Frameworks such as Keras, PyTorch, and TensorFlow facilitate the arduous building, training, validating, and deploying of custom deep networks. They are the obvious go-to choice when creating deep learning applications in real life. Nevertheless, sometimes it’s essential to step back to move forward and I mean by really understanding what is happening behind the scenes of the framework. In this article, we’ll do that by creating a network using only NumPy and applying it to an image classification problem. You might get lost somewhere during the calculations, especially in the backpropagation where the calculus kicks in, but don’t worry. The intuition about the process is more important than the calculations as the frameworks take care of them.

In this article, we will build an image classification (cat or no cat) neural network which will be trained with 1.652 images from two sets: 852 cat images from the Dogs & Cats Images Dataset and 800 random images from the Unsplash Random Images Collection. First of all, the images need to be converted to arrays and we’ll do that by reducing the original dimensions to 128x128 pixels to speed up computation since if we keep the original shapes it will take too long to train the model. All those 128x128 images have three layers of colors (red, green, and blue) that when mixed reach the original color of the image. Each of the 128x128 pixels on every image has a range of red, green, and blue values going from 0 to 255 and those are the values in our image vectors. Therefore, in our computations, we will deal with 128x128x3 vectors of 1.652 images.

To run this vector through the network it is necessary to reshape it by stacking the three layers of colors into a single array as the image below displays. Then we’ll get a (49.152,1.652) vector that will be split by using 1.323 of the image vectors to train the model and 331 to test it by predicting the image classification (cat or no cat) using the trained model. After comparing those predictions with the true classification label of the image it will be possible to estimate the model’s accuracy.

Image 1 — The process of transforming images into vectors. Source: The author.

Finally, with the training vector explained, it’s time to talk about the architecture of the network, displayed in Image 2. As there are 49.152 values in the training vector the input layer of the model must have the same number of nodes (or neurons). Then, there are three hidden layers until the output layer, which will be the probability of a cat in that picture. In real-life models usually, there are much more than 3 hidden layers as the networks need to be deeper to perform well in a Big Data context, still, in this article, only three hidden layers will be used because they are good enough for a simple classification model. However, despite this architecture having only 4 layers (the output layer doesn’t count), the code is applicable to create deeper neural networks by using the dimensions of the layers as a parameter to the training function.

Image 2 — The architecture of the network. Source: The author.
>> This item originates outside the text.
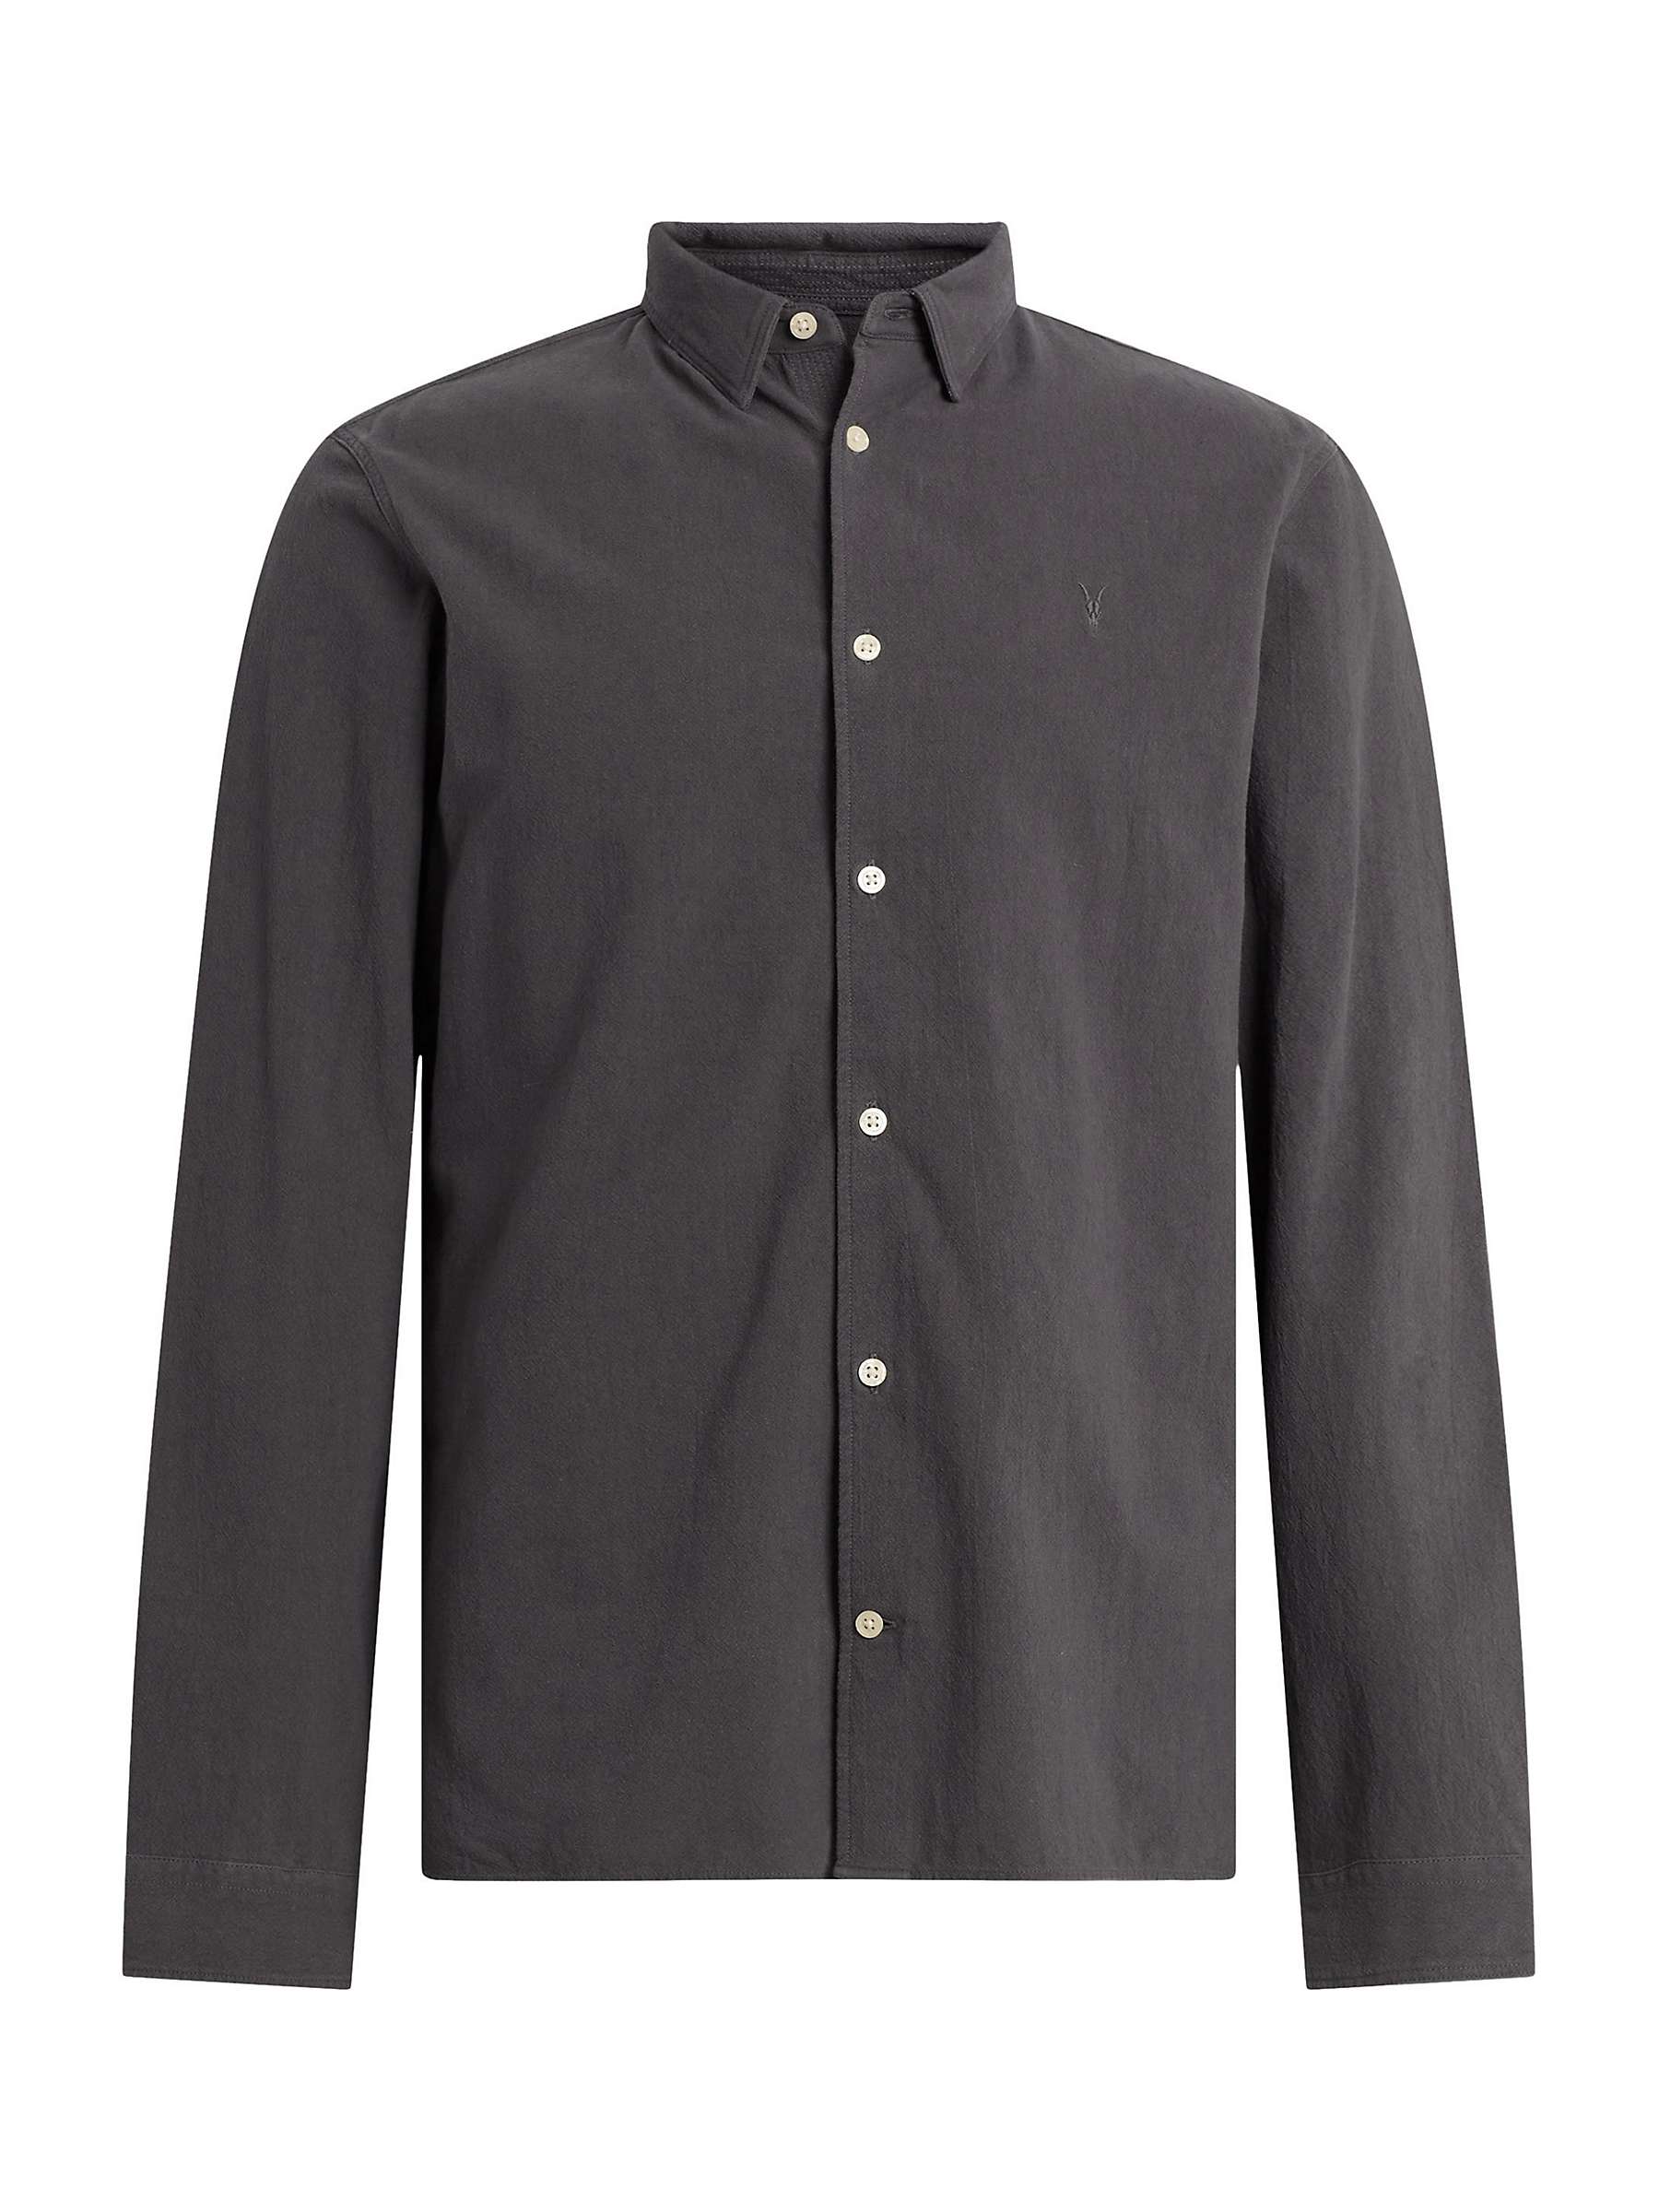 Buy AllSaints Lovell Shirt, Shaded Grey Online at johnlewis.com

Now that the image vectors and network architecture have been explained, the optimization algorithm is described in Image 3: The Gradient Descent. And again, don’t worry if you don’t get all of it right away because each of the steps will be detailed later on in the coding part of the article.

Image 3 — The training process. Source: The author.

First, we initiate the parameters of the network. Those parameters are weights (w) and biases (b) to each of the connections of the nodes displayed in Image 2. During the code, it will be easier to understand how each of the weight and biases parameters work and how they are initialized. Later, with those parameters initialized it is time to run the forward propagation block and finally apply a sigmoid function in our last activation to obtain the probability prediction. In our case, it’s the probability of a cat being in that picture. Later we compare our prediction with the true label (cat or no cat) of the image through the cross-entropy cost, a widely used loss function to optimize classification models. Finally, with the cost calculated, we run it back through the backpropagation module to calculate its gradient with respect to the parameters w and b. With the gradients of the loss function with respect to w and b in hands, is possible to update the parameters by summing the respective gradients as they point in the direction of the w and b values that minimize the loss function.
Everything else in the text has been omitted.